Die genannten Wiedersprüche deuten auf einen Nachholbedarf der Banken hin, der sich durch die "Schockstarre" in der Finanzkrise weiter verschleppt hat. Für Banken bietet sich aber heute die Chance, gestärkt aus der Krise herauszugehen, indem sie zwei Eckpunkte bei der zukünftigen Ausrichtung berücksichtigen:
(1) Customer Network Management: Banken fokussieren Ihre Kernkompetenzen im Bereich Beratung & Vertrieb und lagern andere Bereiche aus. Als Konsequenz entstehen zunehmend Sourcing-Modelle im Vertriebsbereich, welche auf die Entwicklung kundenindividueller Lösungen abzielen. Der Umgang mit dem selbständigen Kunden fokussiert Beratung auf komplexere Sachverhalte und fordert gleichzeitig mehr Know-how an der Kundenfront. Dafür benötigen Banken eine stärkere Vernetzung, sowohl intern mit Kompetenzzentren als auch extern mit spezialisierten Dienstleistern z.B. für Vorsorgelösungen, mit Versicherungen oder ehemaligen Konkurrenten über verschiedene (persönliche und elektronische) Kanäle hinweg. Dies erfordert gleichzeitig ein Umdenken in der bestehenden Kundenberatung und der Organisation der Bank. Die Bank 2015 bietet dem Kunden eine qualitativ hochwertige, teilweise zu bezahlende Beratungsleistung, die am Kundenprozess ausgerichtet ist und durch individualisierte Produkte und Leistungen aus dem internen und externen Netzwerk der Bank unterstützt wird.
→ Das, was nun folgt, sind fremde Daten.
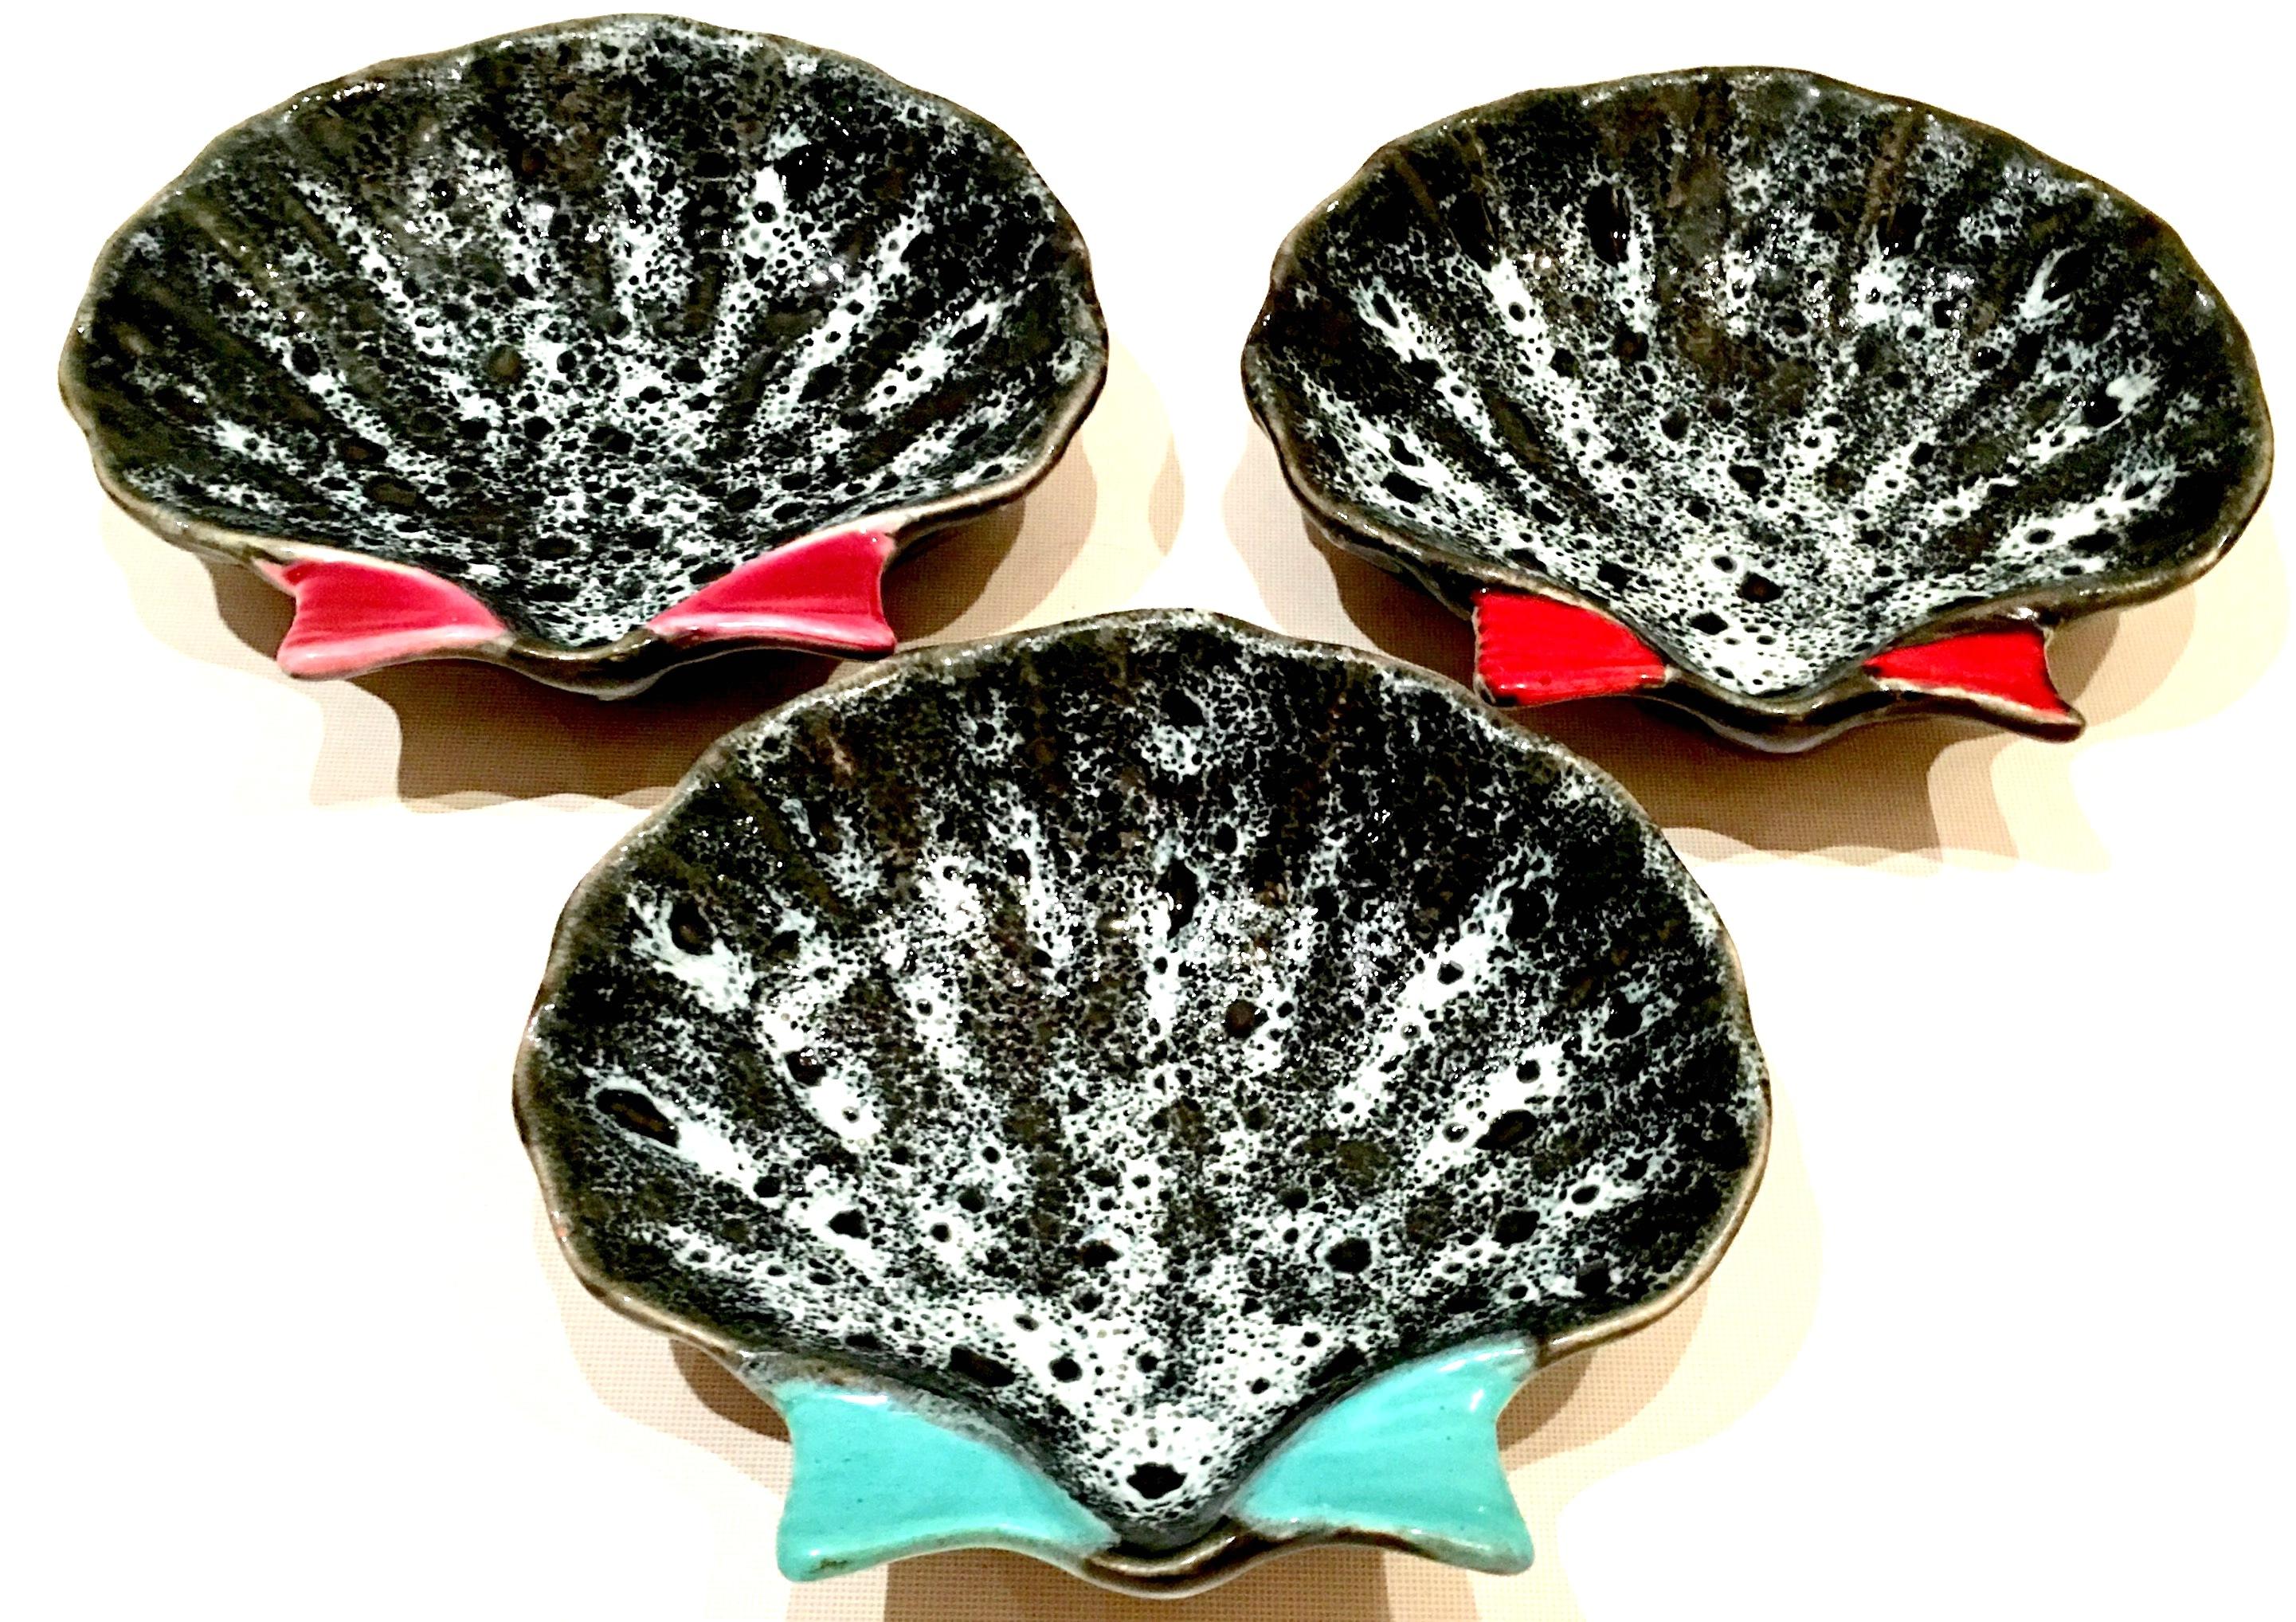 Mid-20th century French hand painted pottery oyster dish set of three pieces by, Luc Vallauris. Each dish has a different fin color, turquoise, pink and red. These south of France ceramic glaze and hand painted oyster dishes are each signed on the

(2) Value of Service: Das Aufbrechen der Wertschöpfungskette verbunden mit der zunehmenden Individualisierung des Leistungsangebots für den Kunden erfordert neue Konzepte zur Umsetzung dieser Anforderungen. Als Konsequenz müssen Banken und Provider ihre bislang produktorientierten Organisationen in serviceorientierte Bereiche umgestalten. Dies betrifft alle Marktabschnitte vom Front- über das Backoffice bis hin zum Internetbankenbereich. Mass Customization ist dabei eine der wichtigsten Strategien für Banken. So hat zum Beispiel die Entwicklung beim neuen Modell des Fiat 500 zu Vorschlägen von Kunden für 160'000 Designs geführt. Bei der ABN Amro Bank können Kunden heute schon selbst Online Zertifikate kreieren. Die Voraussetzung hierfür sind die serviceorientierte Strukturierung und Standardisierung des eigenen Leistungsangebots, verbunden mit qualitativen und quantitativen Kenngrössen zur Bewertung des Leistungsportfolios. Die Bank 2015 verfügt über ein Service Management Cockpit, das eine professionalisierte Bewirtschaftung des internen und externen Serviceportfolios ausgerichtet am Kundenprozess ermöglicht.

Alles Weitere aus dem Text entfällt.